Midivid

From MultimediaWiki
Jump to navigation Jump to search

Midivid is a video codec developed by Jason Dorie of BlackBox Games (later acquired by Electronic Arts). It reportedly has a lot in common with MPEG-2, while claiming better compression ratios than MPEG-2.

MidiVid

First version of MidiVid codec uses LZSS compression, vector quantisation and simple hold-and-modify approach.

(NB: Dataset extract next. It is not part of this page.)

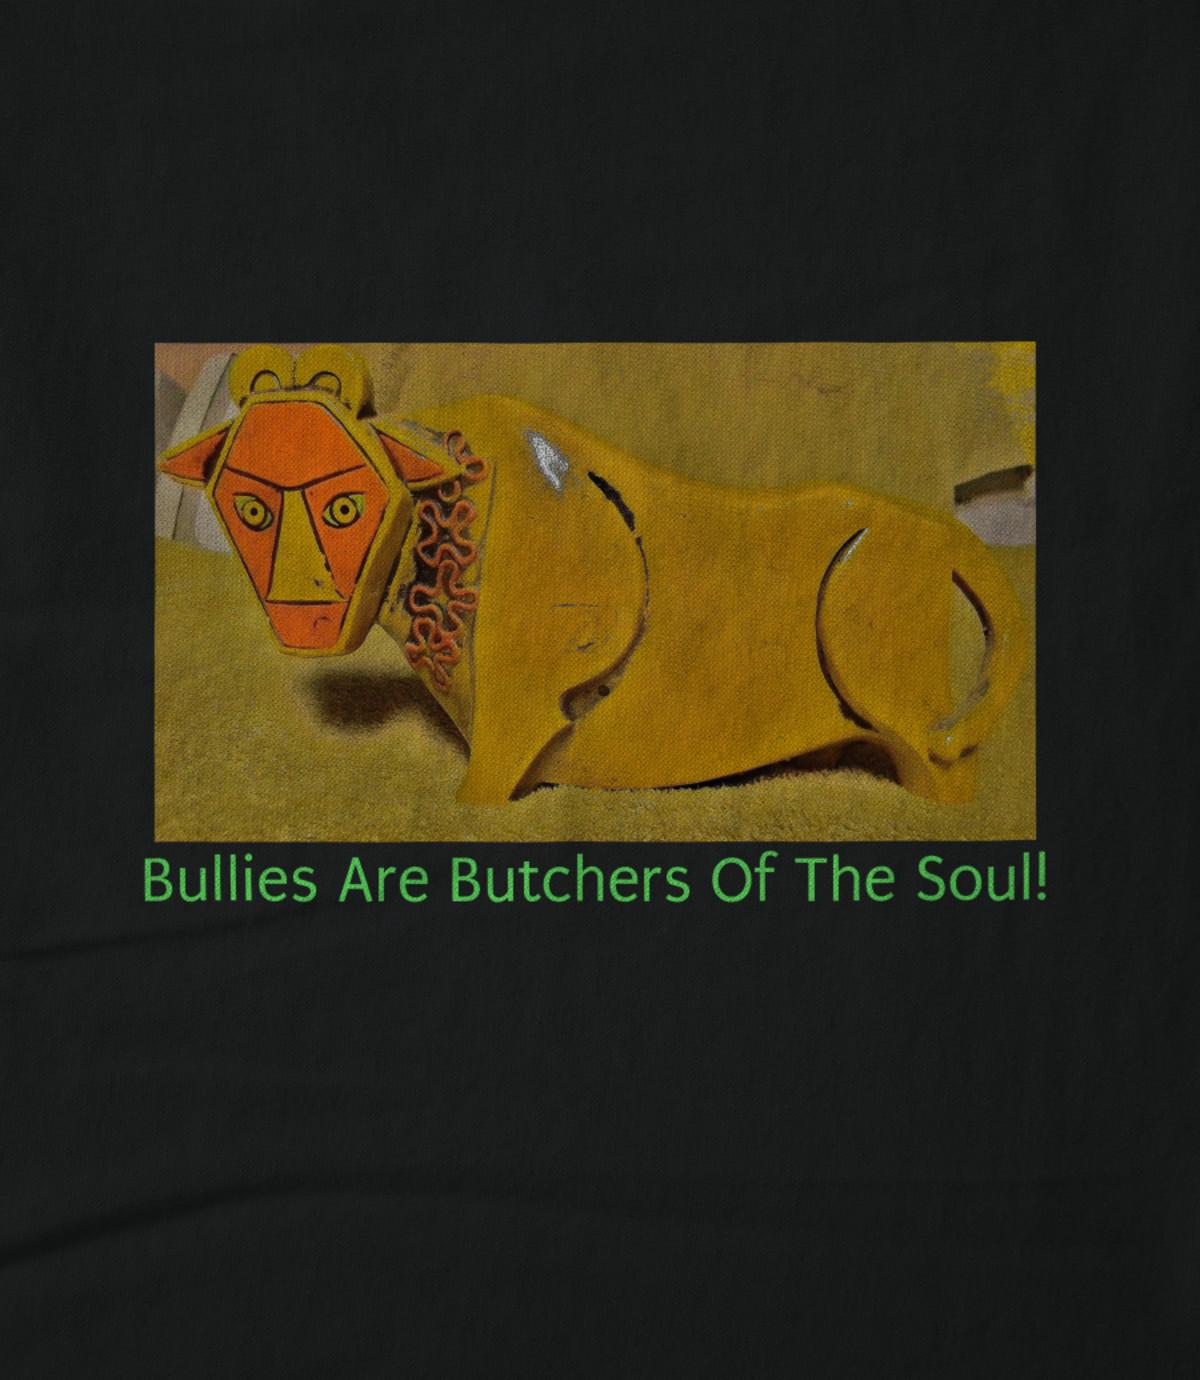 Matthew f  blowers iii  c  2017 bullies are butchers of the soul  1506272710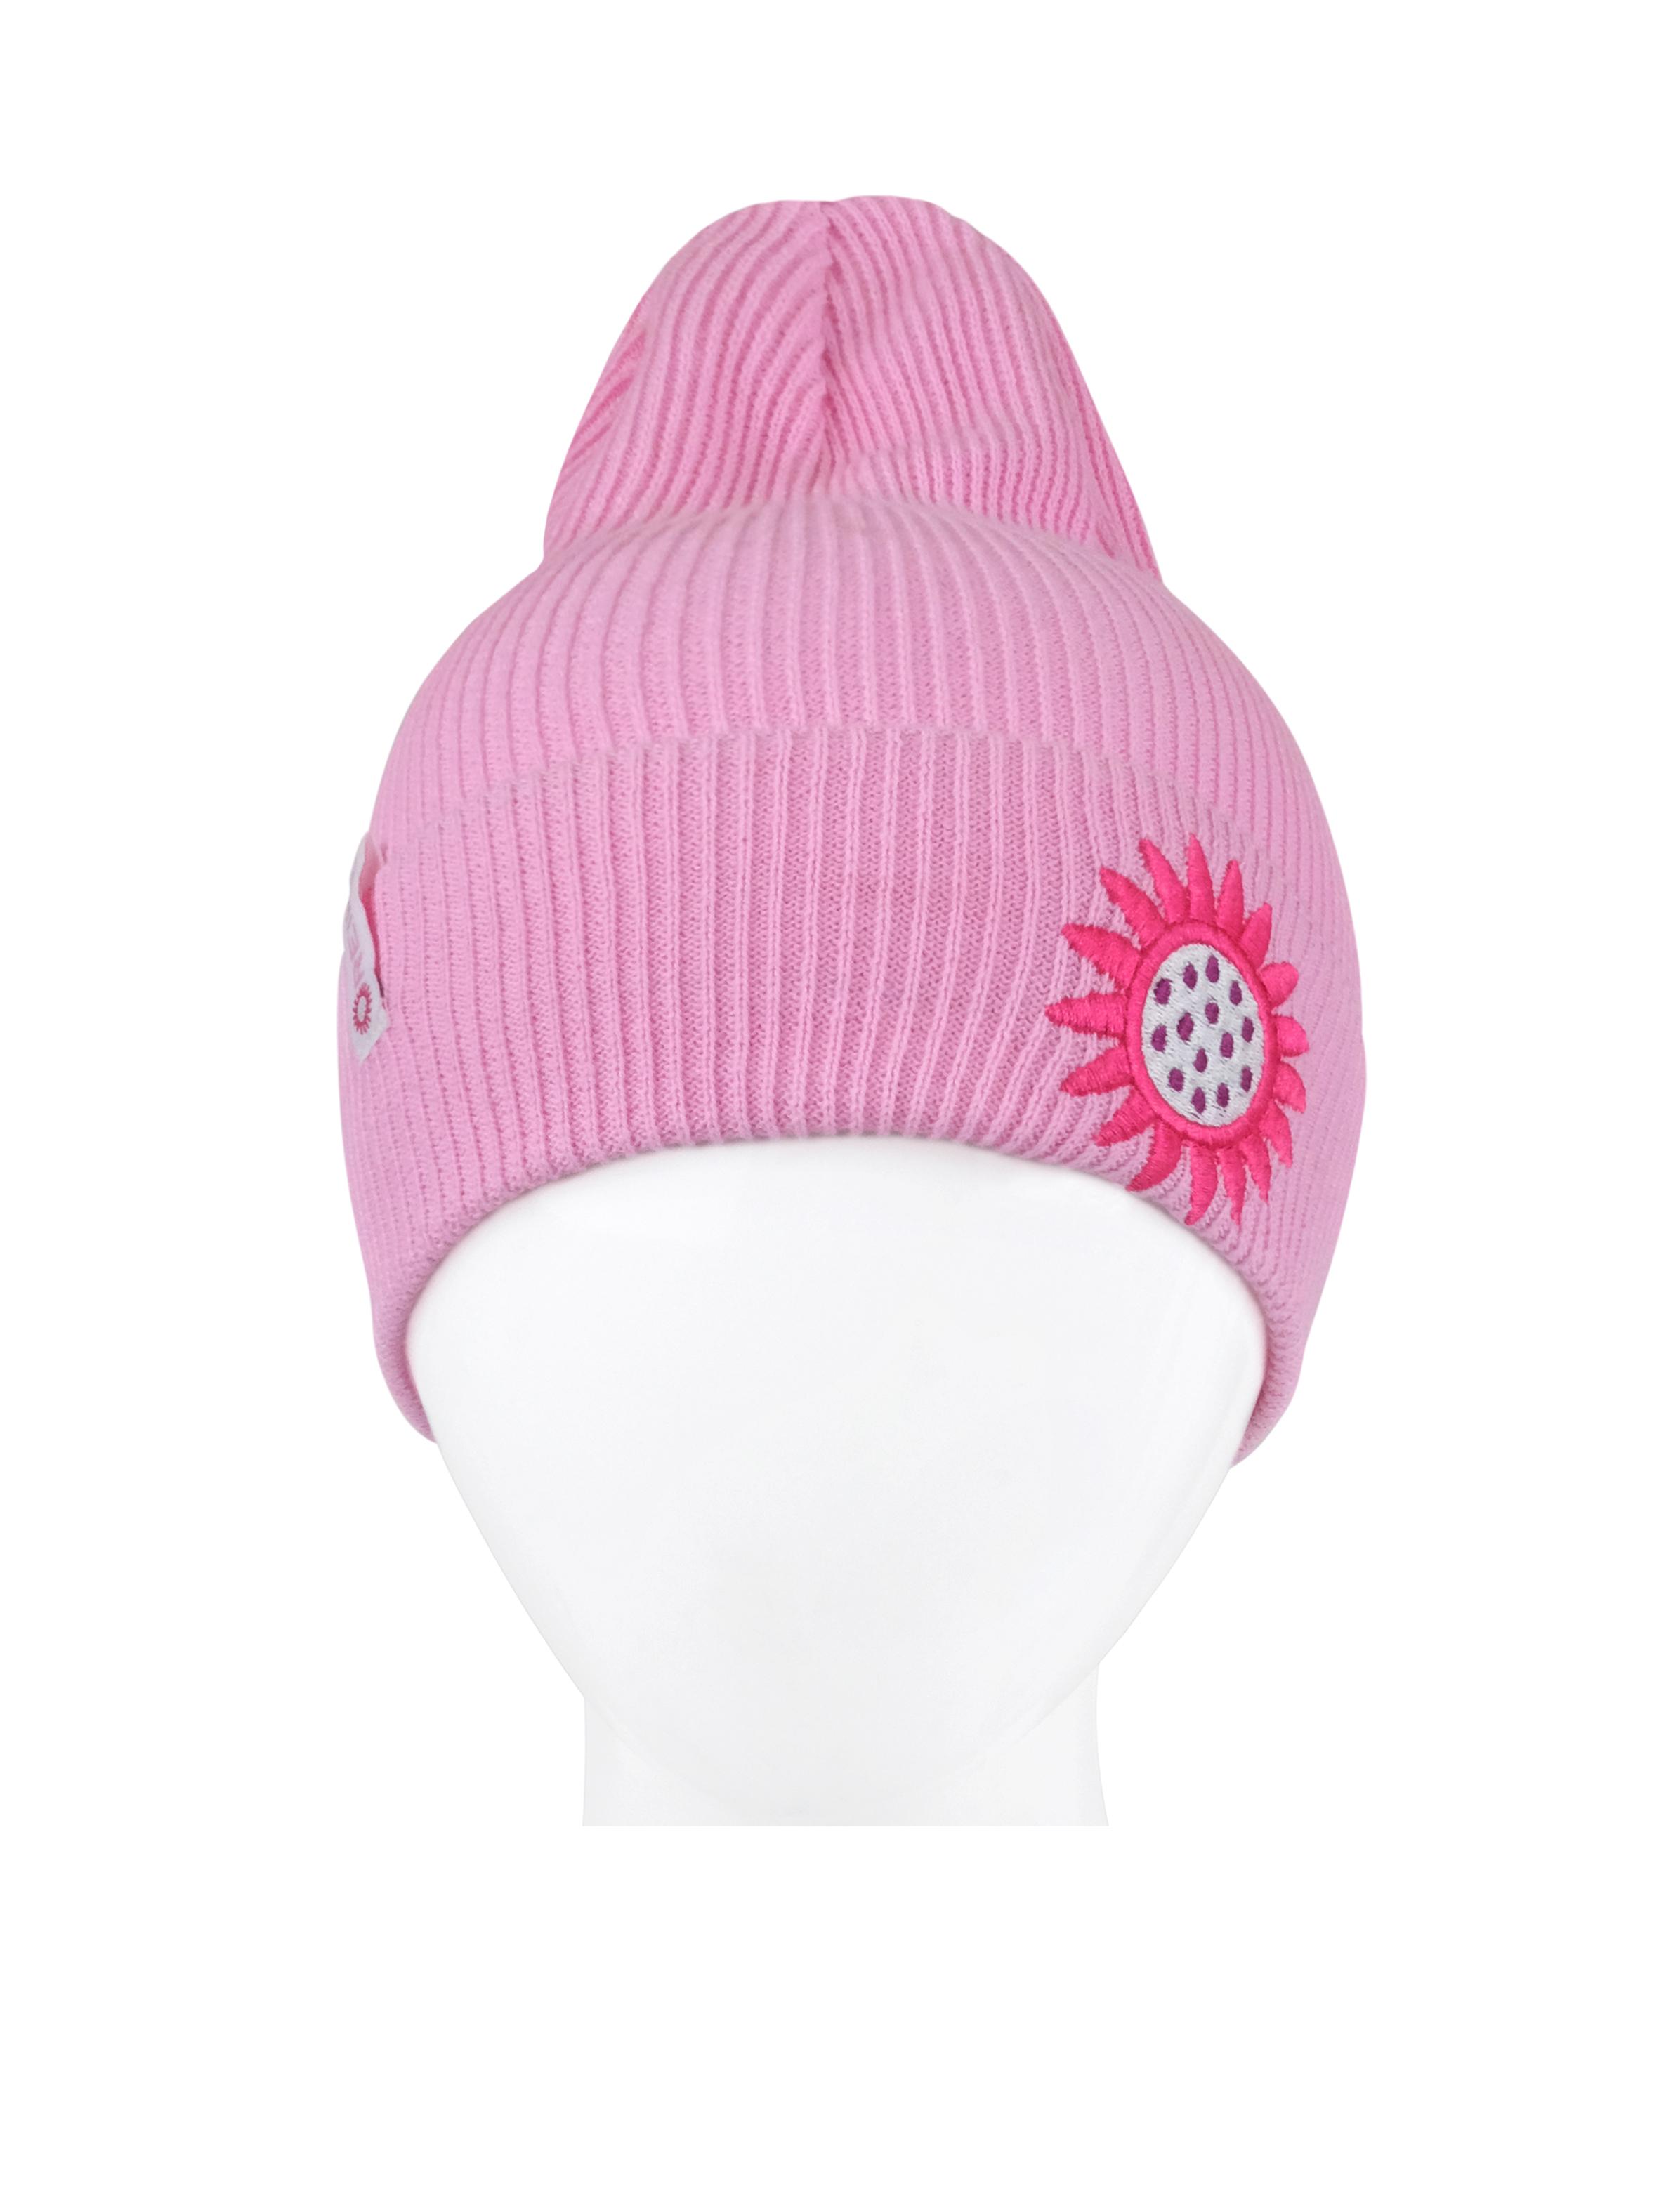 Купить Шапка для девочки Reike Сute bees pink, RKNSS20-CUB-YN-5 pink, р.52,

Frame header (all data is little-endian):

  • 32-bit frame size (can be not set)
  • 32-bit always zero?
  • 32-bit uncompressed flag (1 means the rest of frame is compressed with LZSS)

Frame data:

  • 16-bit number of vectors
  • 16-bit intra frame flag (i.e. no update mask present)
  • (inter only) 32-bit number of blocks to update
  • (inter only) update mask - one bit per each 4x4 block
  • vector data (each vector is 2x2 YUV block without any subsampling, so 12 bytes per each vector)
  • (for frames with more than 256 vector) top index bits
  • index bits (one byte per each 2x2 block)

Decoding process:

 num_vecs = get16le(src); src += 2;
 is_intra = get16le(src); src += 2;
 if (is_intra) {
   num_blocks = (w / 2) * (h / 2);
 } else {
   num_blocks = get32le(src); src += 2;
   update_mask = src;
   src += (w >> 5) * (h >> 2);
 }
 vec_data = src;
 src += num_vecs * 12;
 if (num_vecs <= 256)
   indices = src;
 else {
   idx9data = src;
   indices = idx9data + (num_blocks + 7) / 8;
 }
 
 idx9bits = 0;
 idx9val = 0;
 for (y = 0; y < h; y += 2) {
   for (x = 0; x < w; x += 2) {
     if (!is_intra && update mask bit set for x/4,y/4 block)
       continue;
     if (num_vecs <= 256) {
       idx = *indices++;
     } else {
       if (idx9bits == 0) {
         idx9val = *idx9data++;
         idx9bits = 8;
       }
       idx9bits--;
       idx = *indices++ | (((idx9val >> (7 - idx9bits)) & 1) << 8);
     }
     output vec[idx] as 2x2 block;
   }
 }

LZSS Algorithm

It's the straightforward implementation. First you have 16-bit flags and then literals or matches:

 for (;;) {
   op = src[0] | (src[1] << 8);
   src += 2;
   for (i = 0; i < 16; i++) {
     if no data left { return; }
     if (op & 1) {
       offset = ((src[0] & 0xF0) << 4) | src[1];
       length = (src[0] & 0xF) + 3;
       src += 2;
       for (j = 0; j < length; j++)
         dst[j] = dst[j - offset];
       dst += length;
     } else {
       *dst++ = *src++;
     }
     op >>= 1;
   }
 }

MidiVid Lossless

This codec combines several compression methods and each frame can have a different one. Known types (determined by 32-bit little-endian word at the start):

  • BWTZ - data is compressed with method borrowed from some BTW compressor;
  • BWTF - the same but data is split into several chunks, each preceded by 32-bit chunk size;
  • LZSS - data is compressed with the same LZSS scheme the original MidiVid codec uses.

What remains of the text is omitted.